Prosaically, "Some Animals Are More Equal Than Others"

That EXACTLY describes America's Class War, where the 99% (proletariat) produce great wealth while the vast majority of the wealth is confiscated (distributed upwards) by the 1% (bourgeoisie), producing the World Champion inequality present and increasing in USA.

I said Stalin's view. We all know you are a Marxist yet I chose my words carefully. Nice strawman though.

FuzzyLumpkins
02-04-2014, 01:56 AM
Yeah, that's in part what I mean by force-feeding. The author seems to suggest that by influencing their thought process with western prose they would reach the same conclusions as westerners (and embrace democracy/freedom, something the author equates, but it's not necessarily the same). I'm not so sure about that. There are a lot of their own cultural, historical and religious aspects that I think make that suggestion misguided.

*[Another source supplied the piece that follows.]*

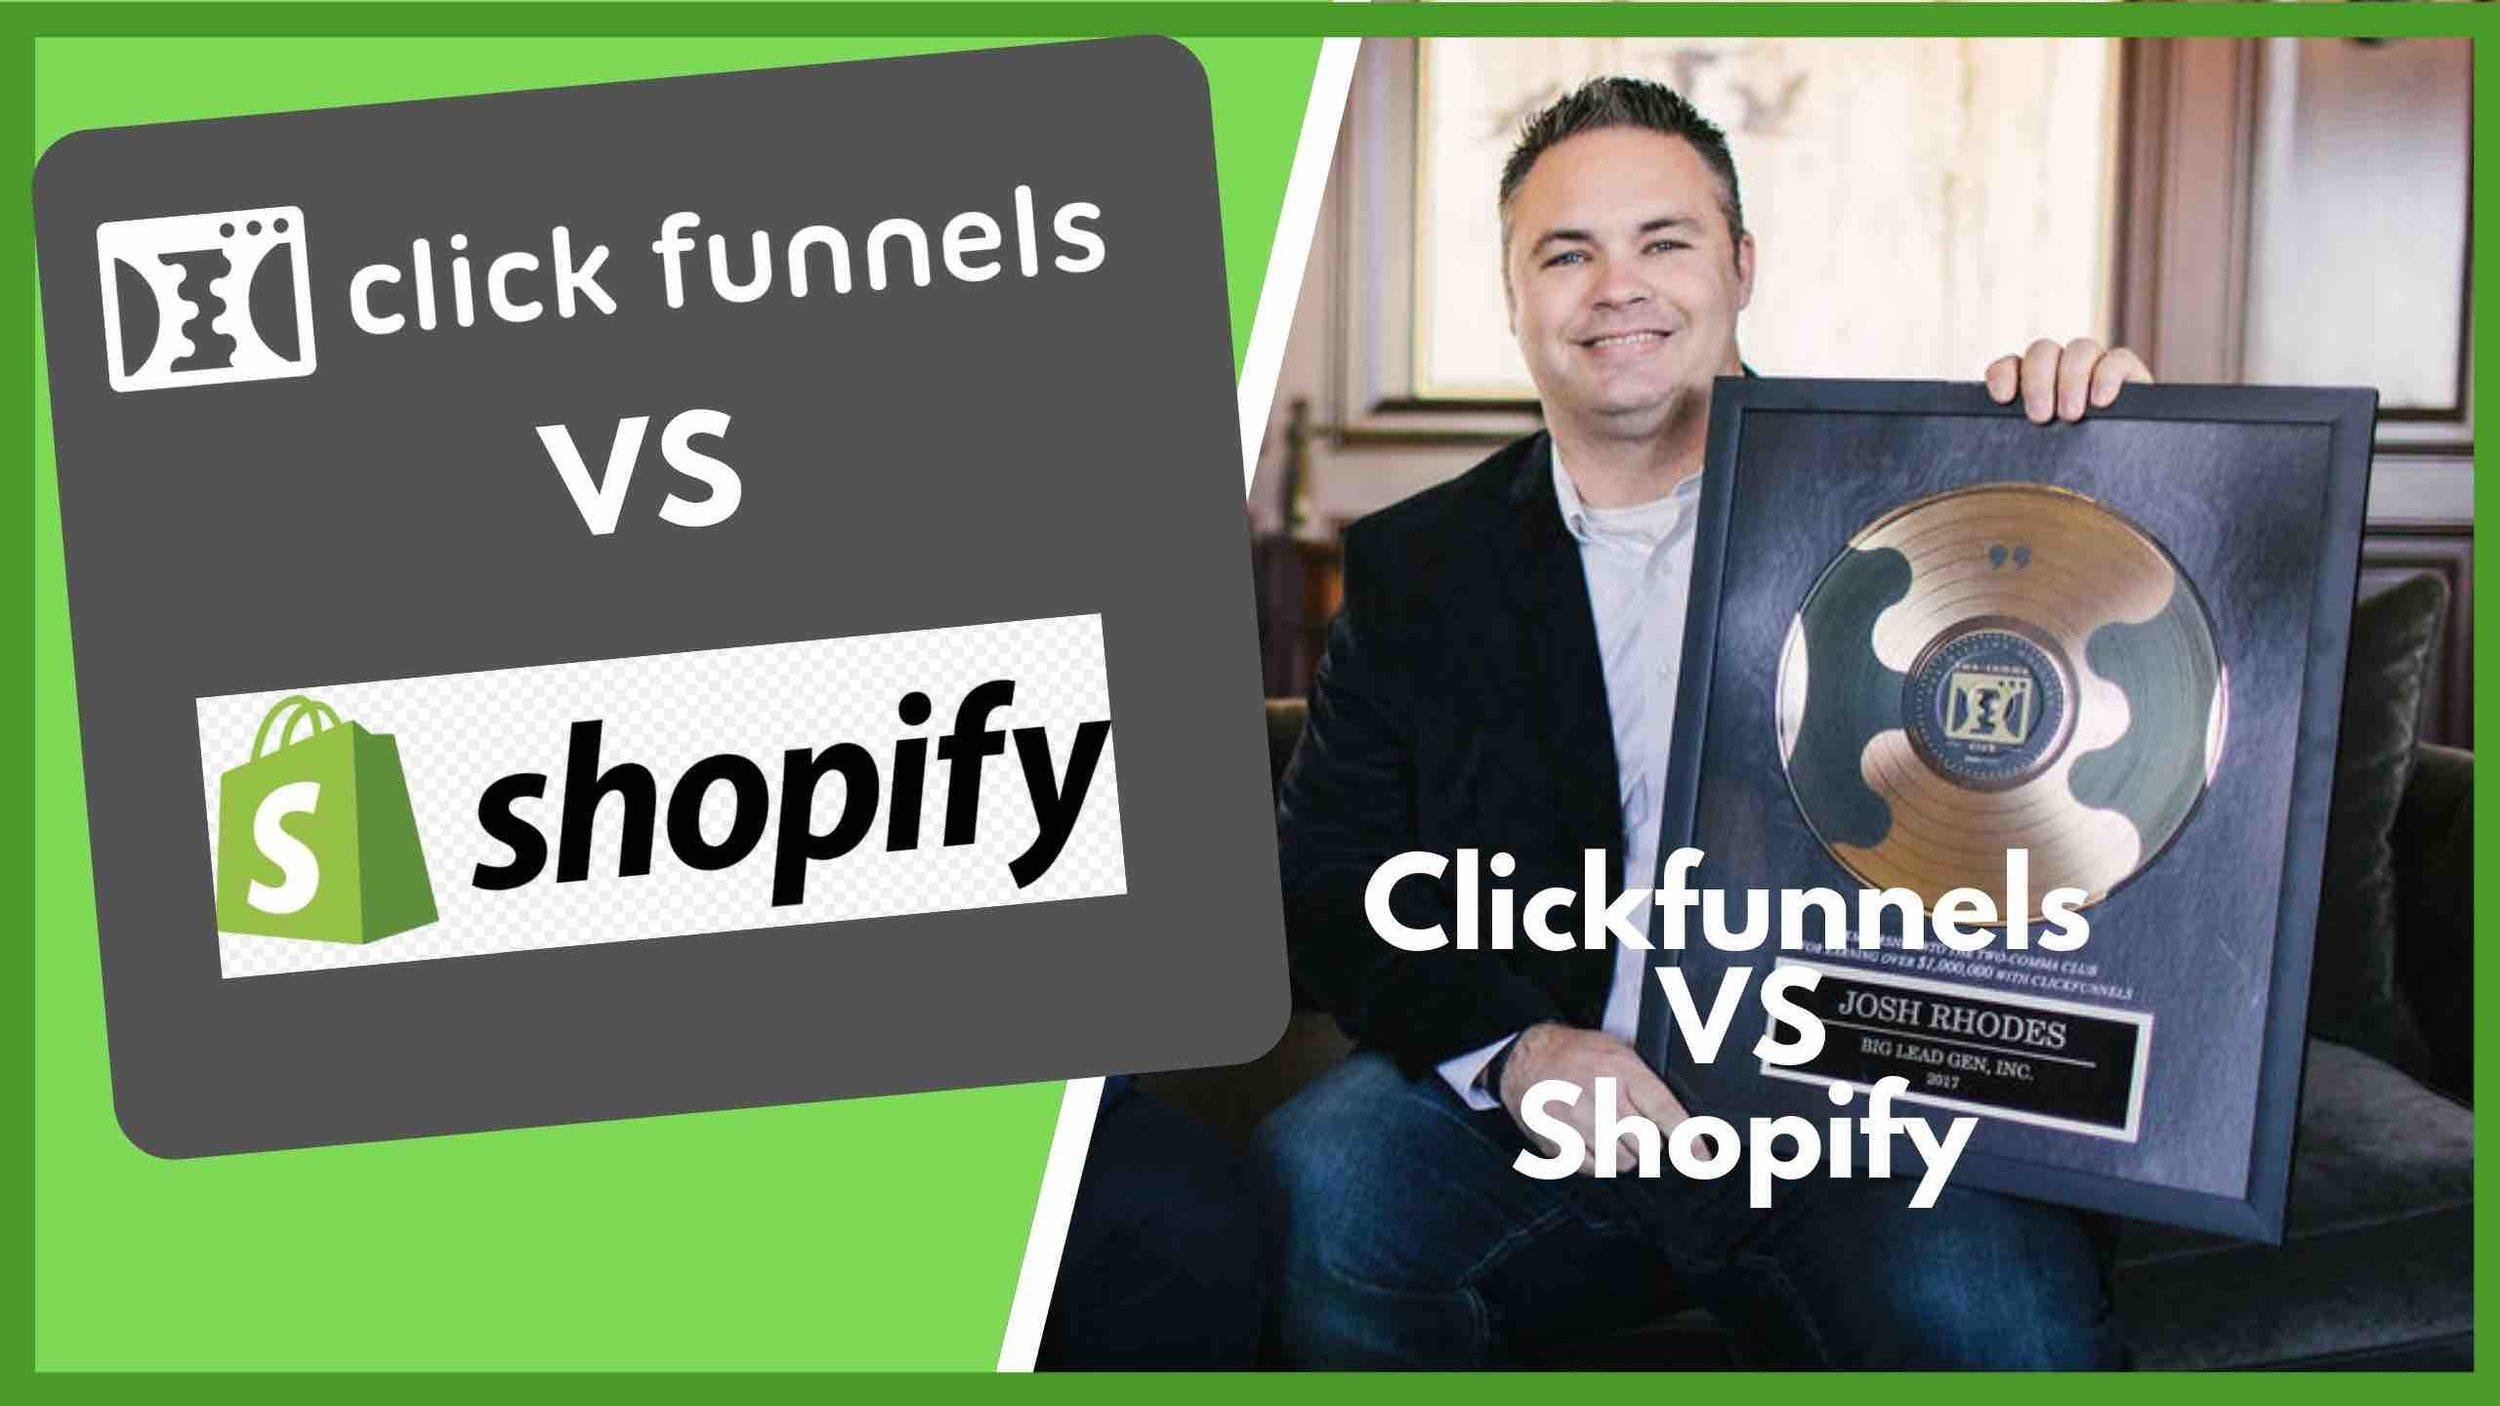 clickfunnels vs shopify.jpg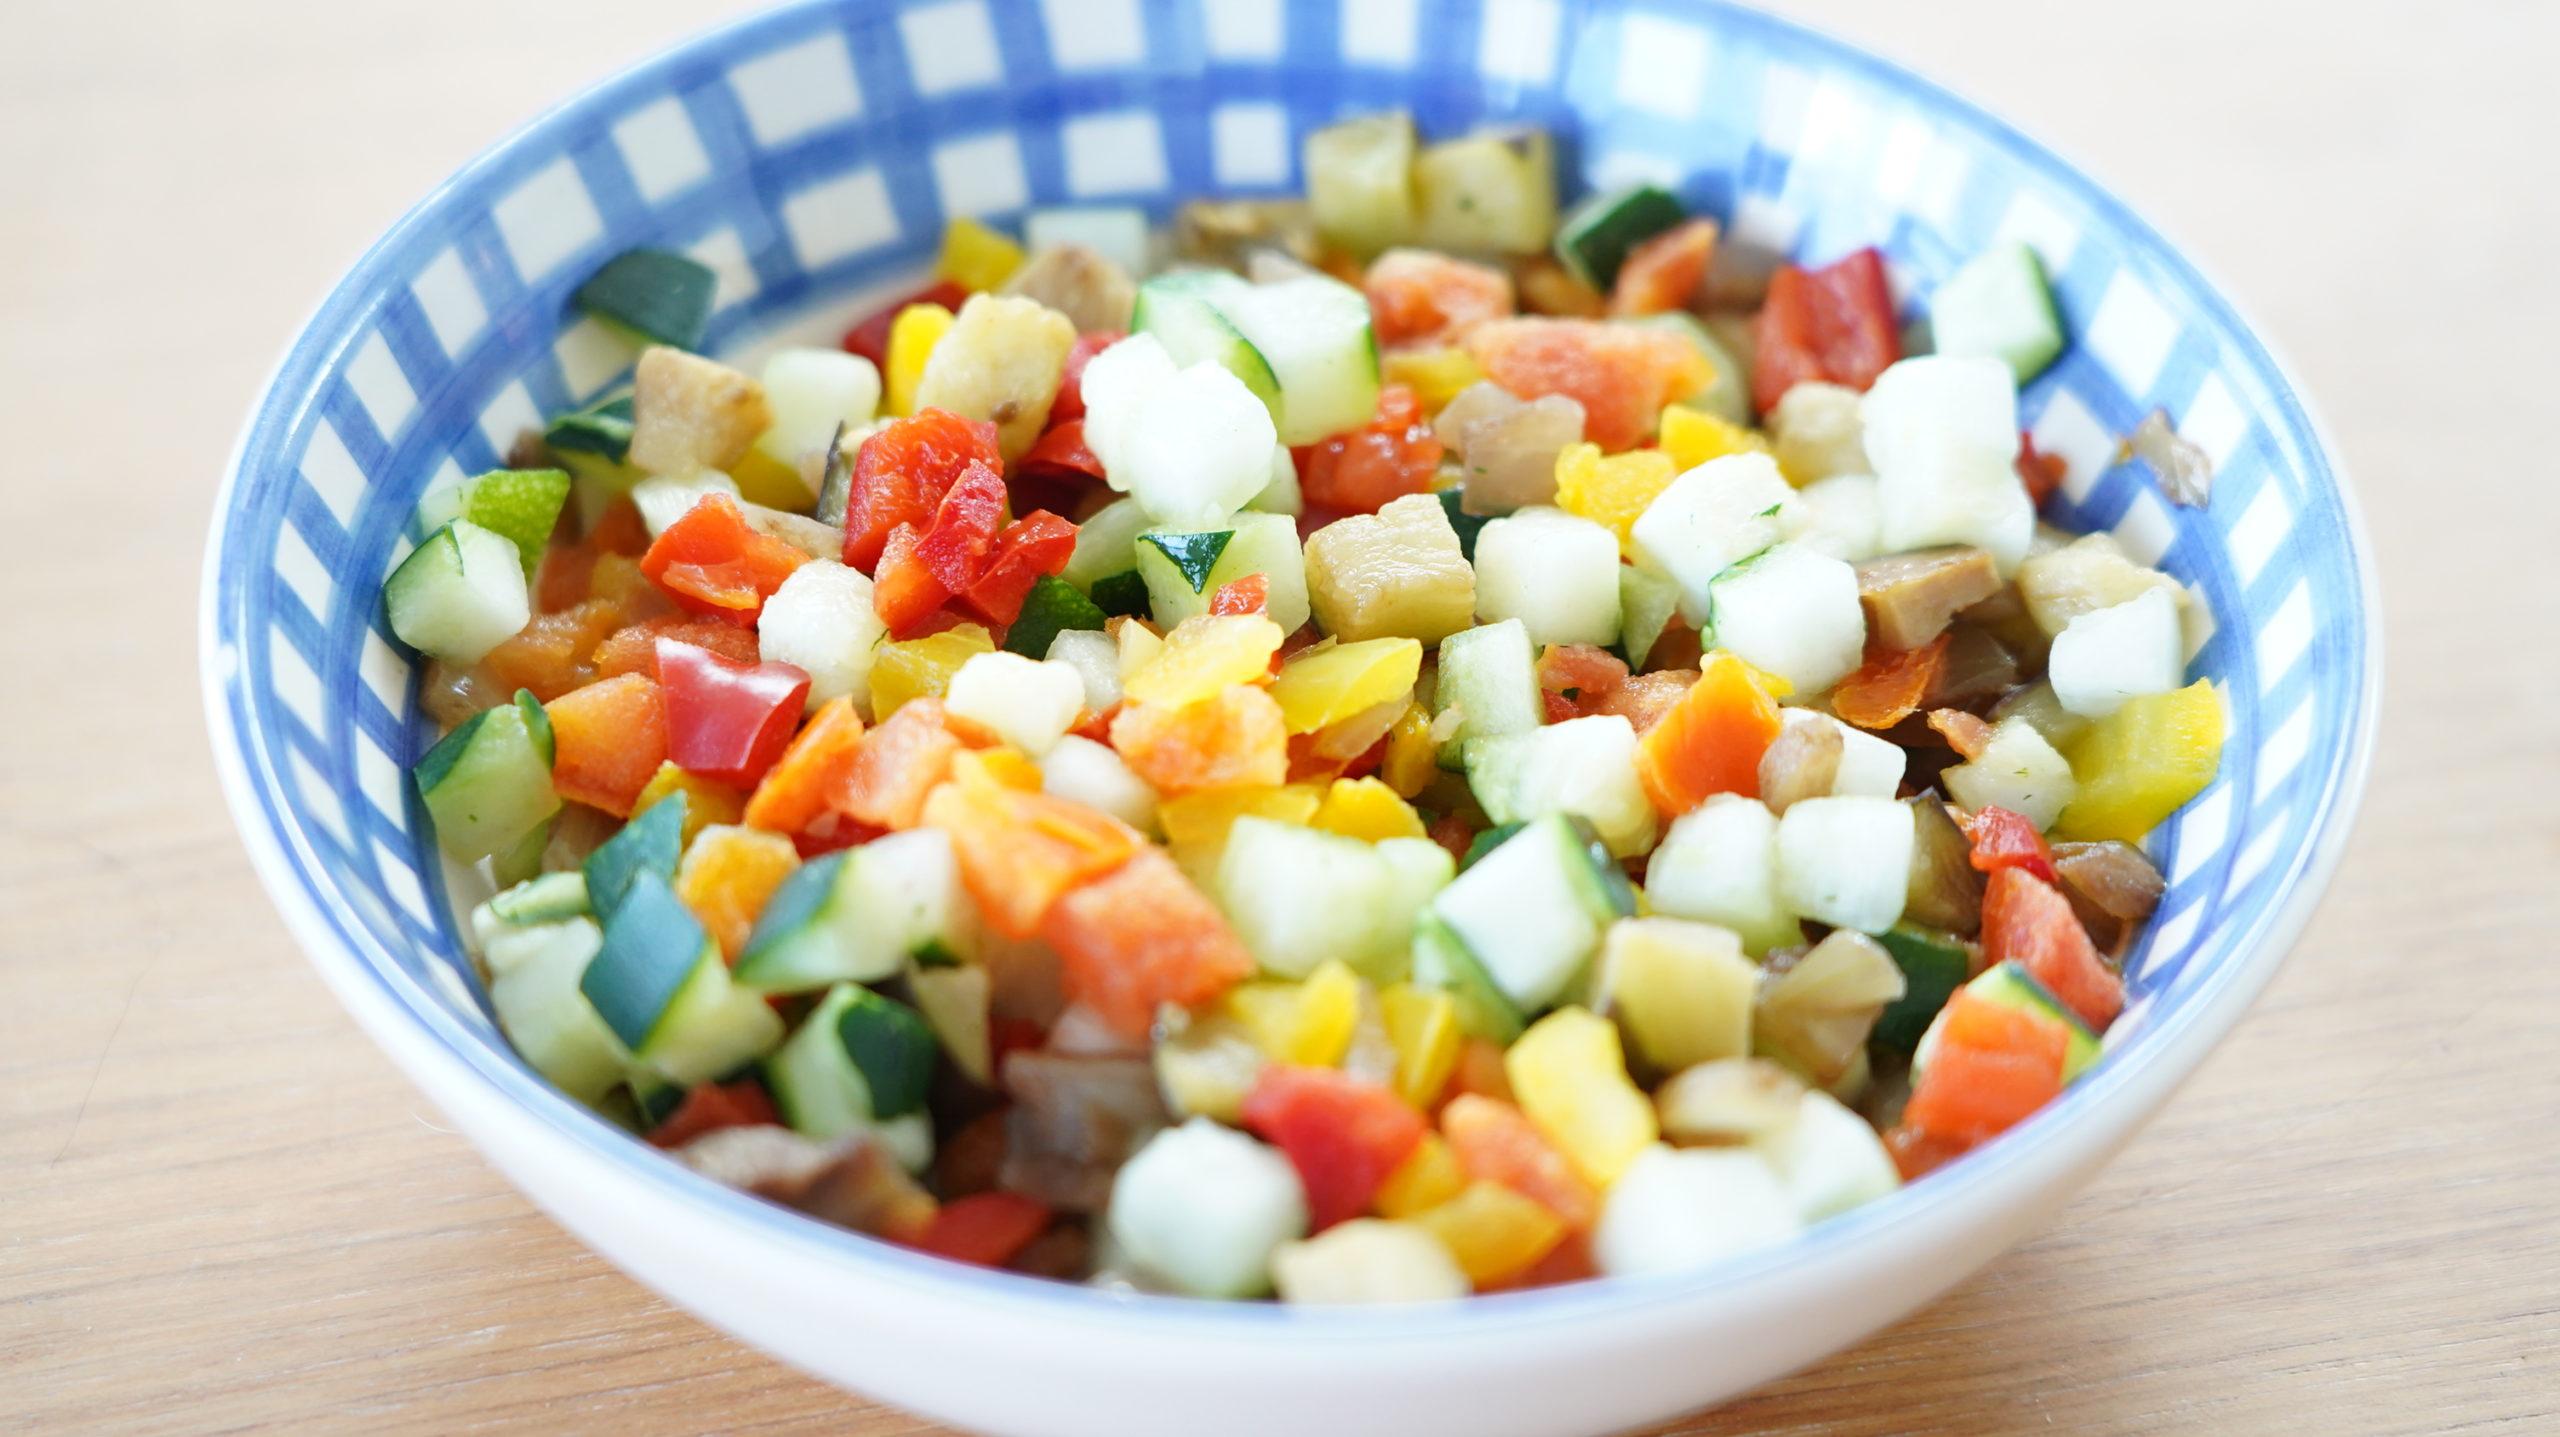 ピカールのおすすめ冷凍食品「南仏野菜の角切り」の色鮮やかな写真

I get you. As you say, this notion that they will come to the same conclusions as we did is foolhardy. OTOH, I think it can give an understanding of where we come from. I just think the OP needs to understand that what is good for the goose is also good for the gander. I think the lot of us reading the works that underpin other cultures would do just as much good as our would them.

ElNono
02-04-2014, 02:03 AM
I get you. As you say, this notion that they will come to the same conclusions as we did is foolhardy. OTOH, I think it can give an understanding of where we come from. I just think the OP needs to understand that what is good for the goose is also good for the gander. I think the lot of us reading the works that underpin other cultures would do just as much good as our would them.